Data extract:
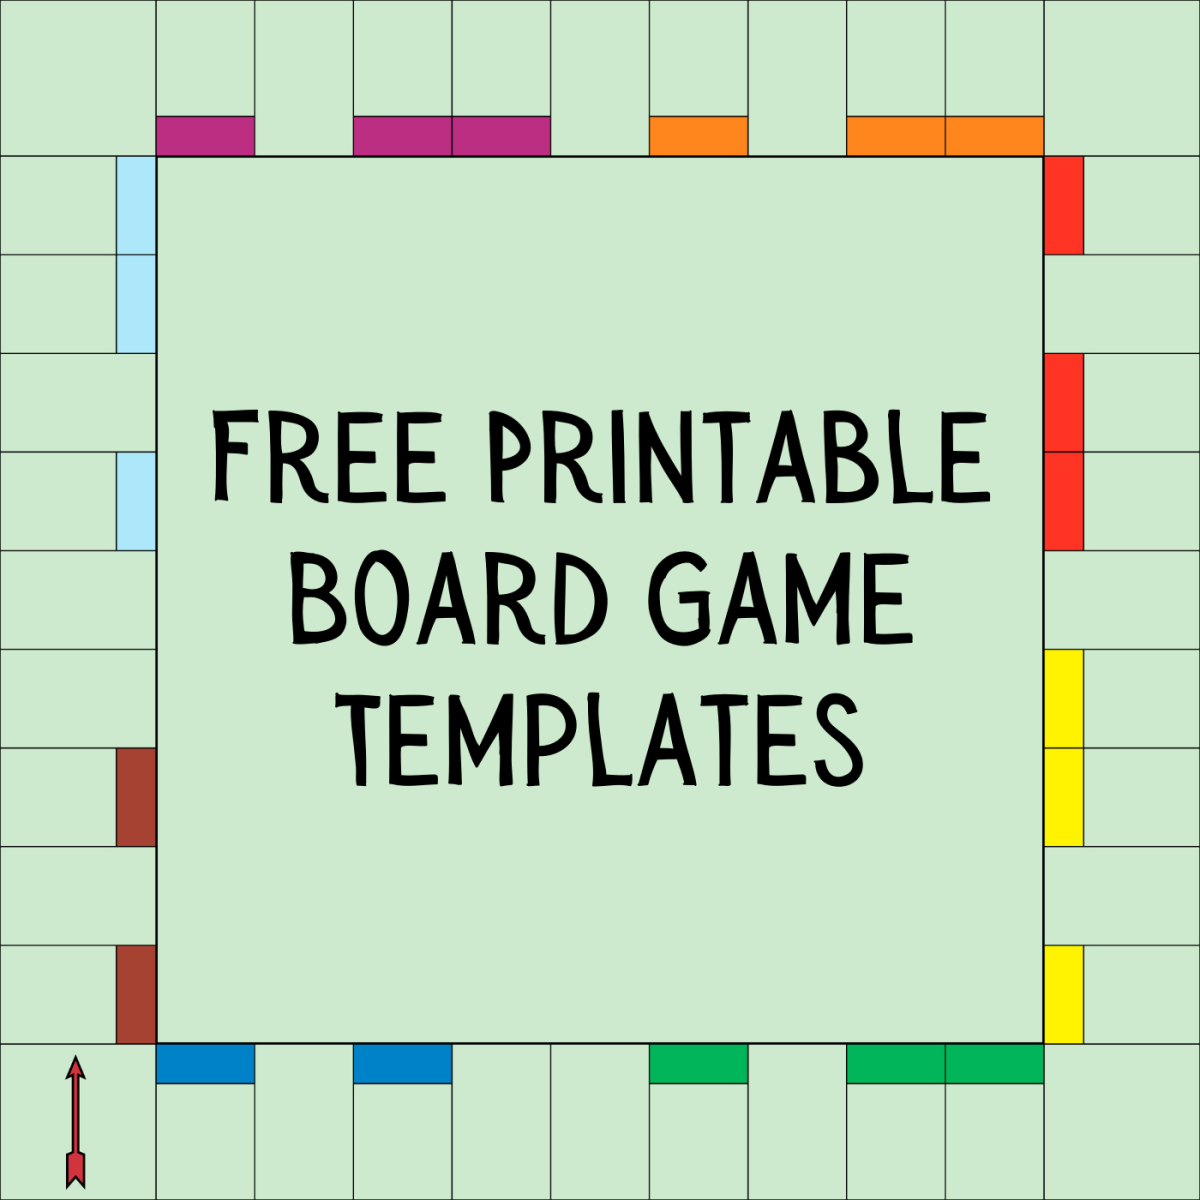 You can print your own blank Monopoly board and create a customized board game for your family! Find lots of printable boards here.
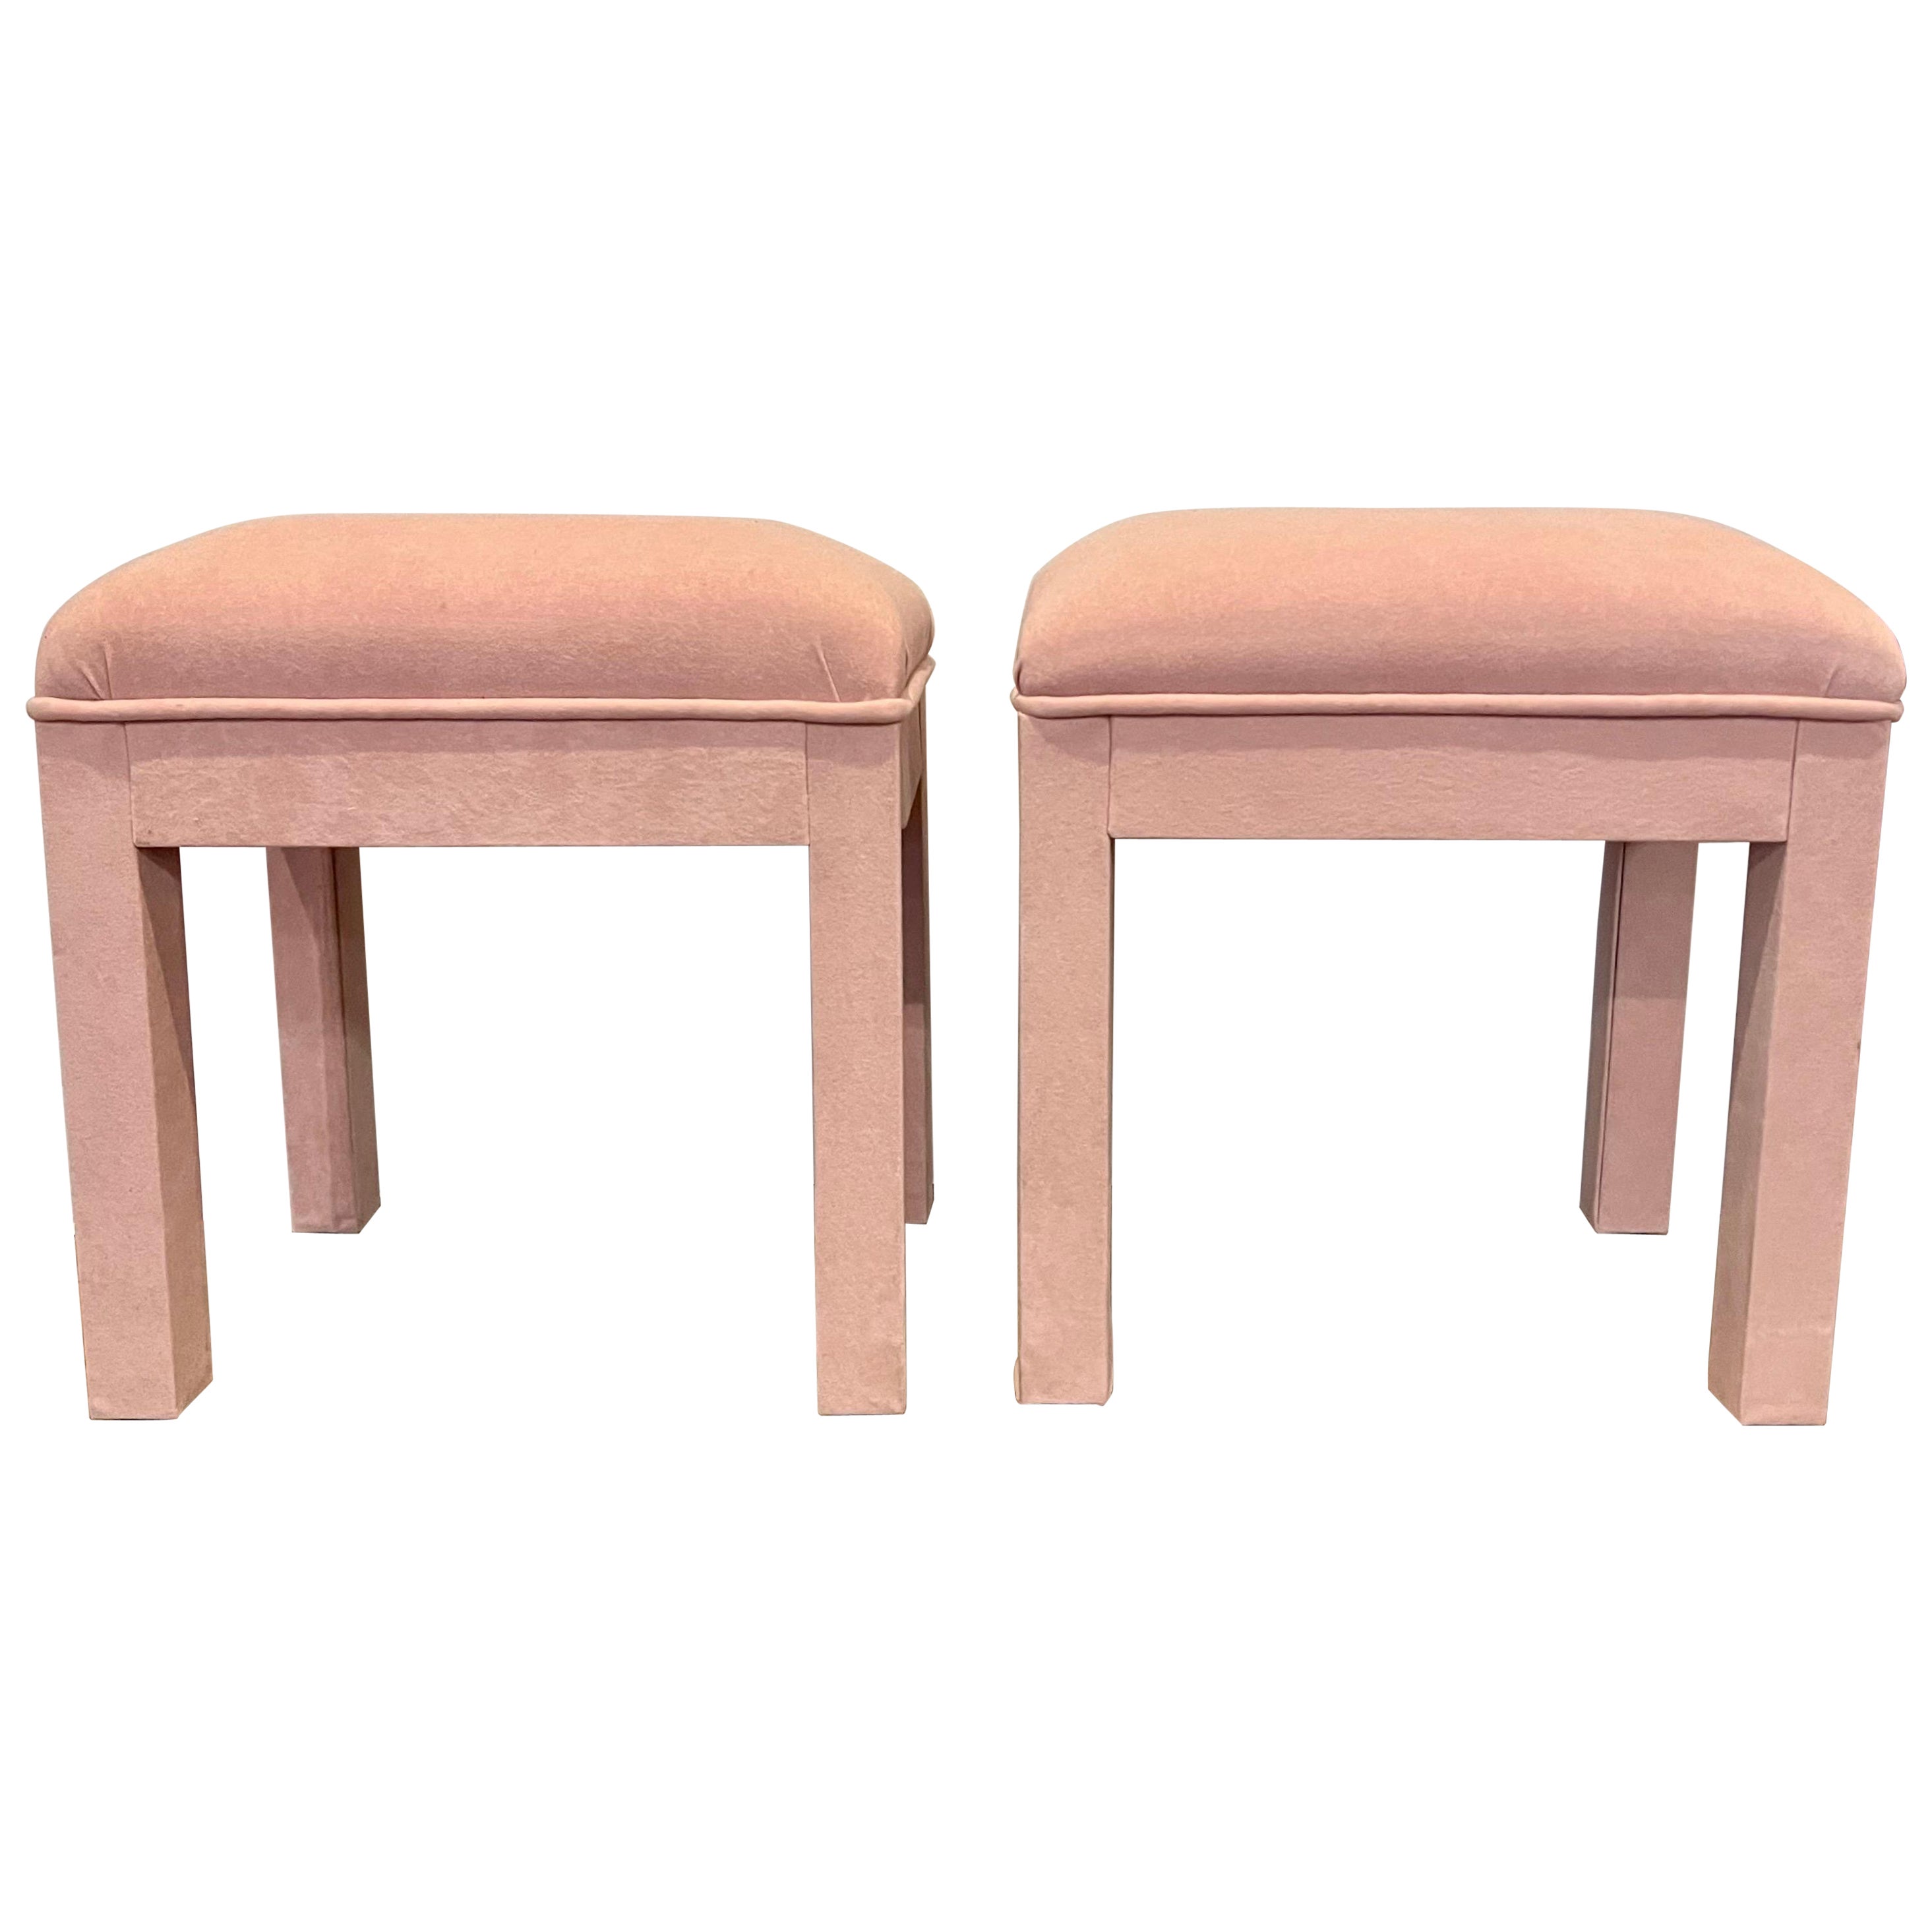 Pair of Vintage Midcentury Small Pink Upholstered Parsons Stools
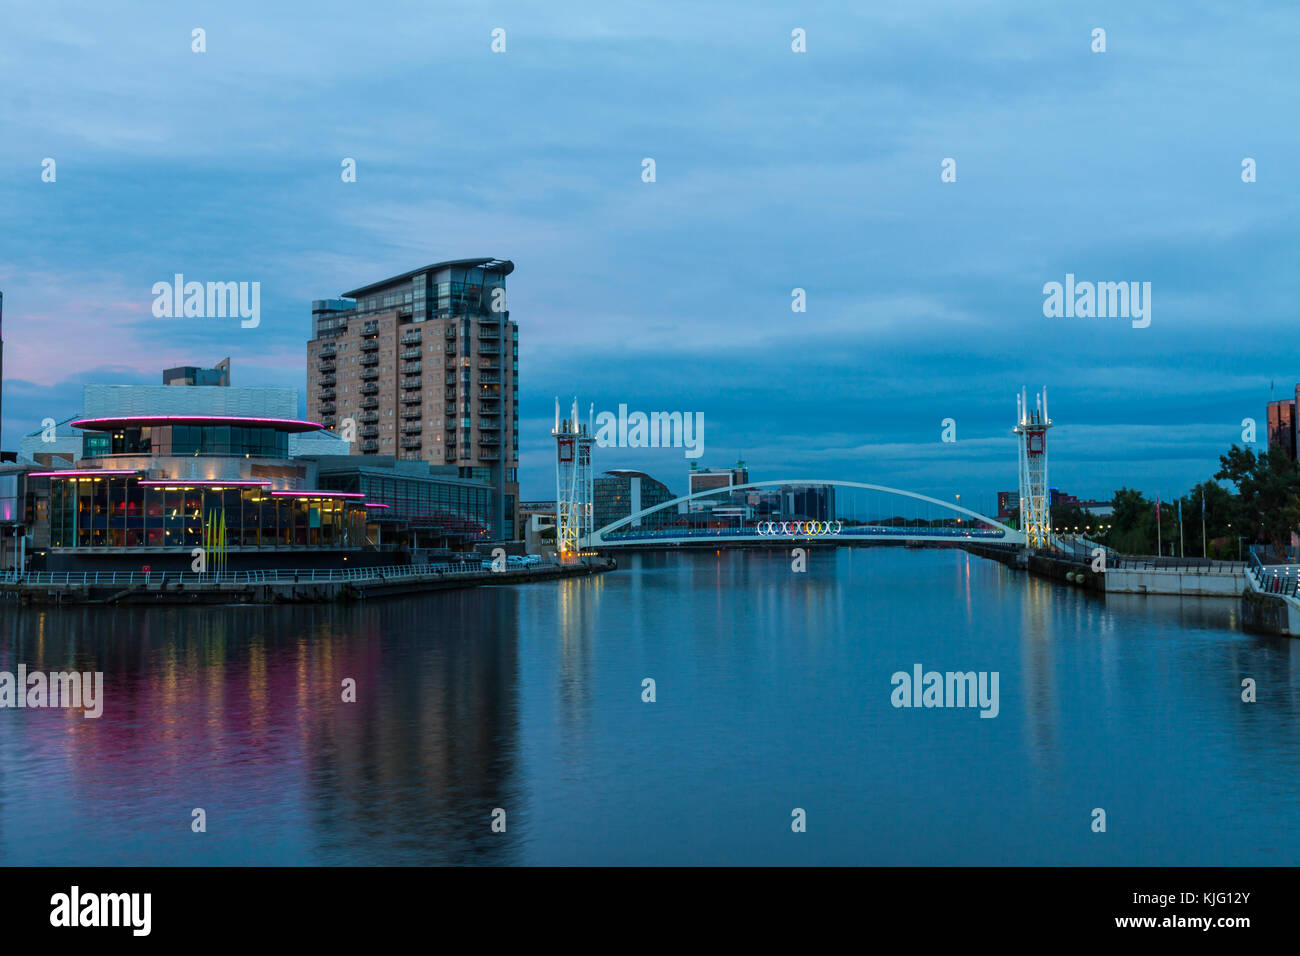 Image of the Lowry Theatre and Lowry Art Gallery taken from the Manchester Ship Canal in the early evening with the Millennium Bridge in background. Stock Photo
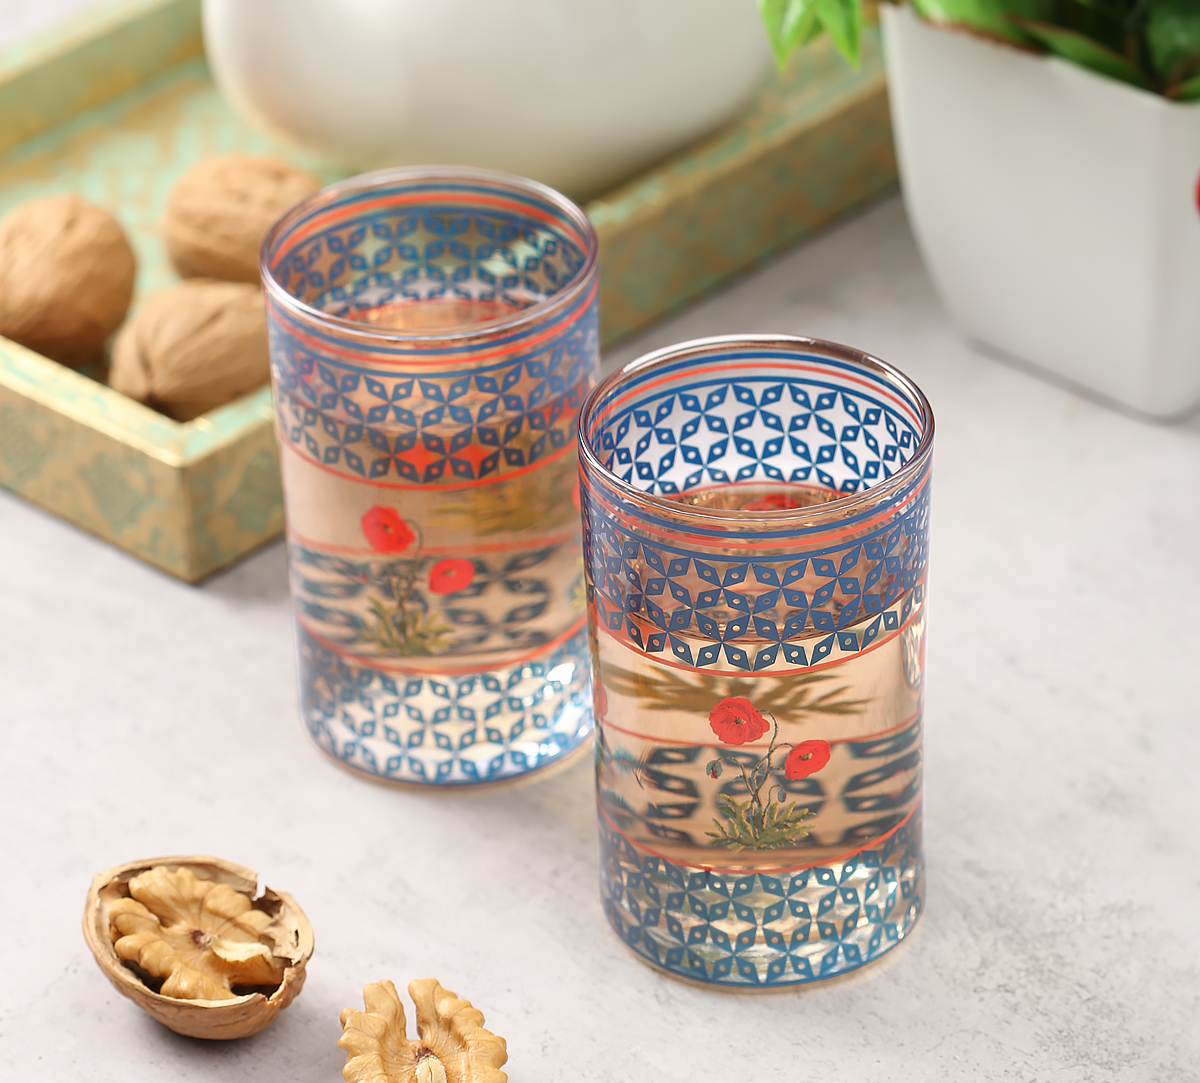 Flowers and Ferns Small Glass Tumbler (Set of 2)

Required work:
Only the lines from the one containing "Image of the" through the final line of the listing should be reproduced, exactly and with no pictures.

Response box:
 Image of the Lowry Theatre and Lowry Art Gallery taken from the Manchester Ship Canal in the early evening with the Millennium Bridge in background. Stock Photo
 Flowers and Ferns Small Glass Tumbler (Set of 2)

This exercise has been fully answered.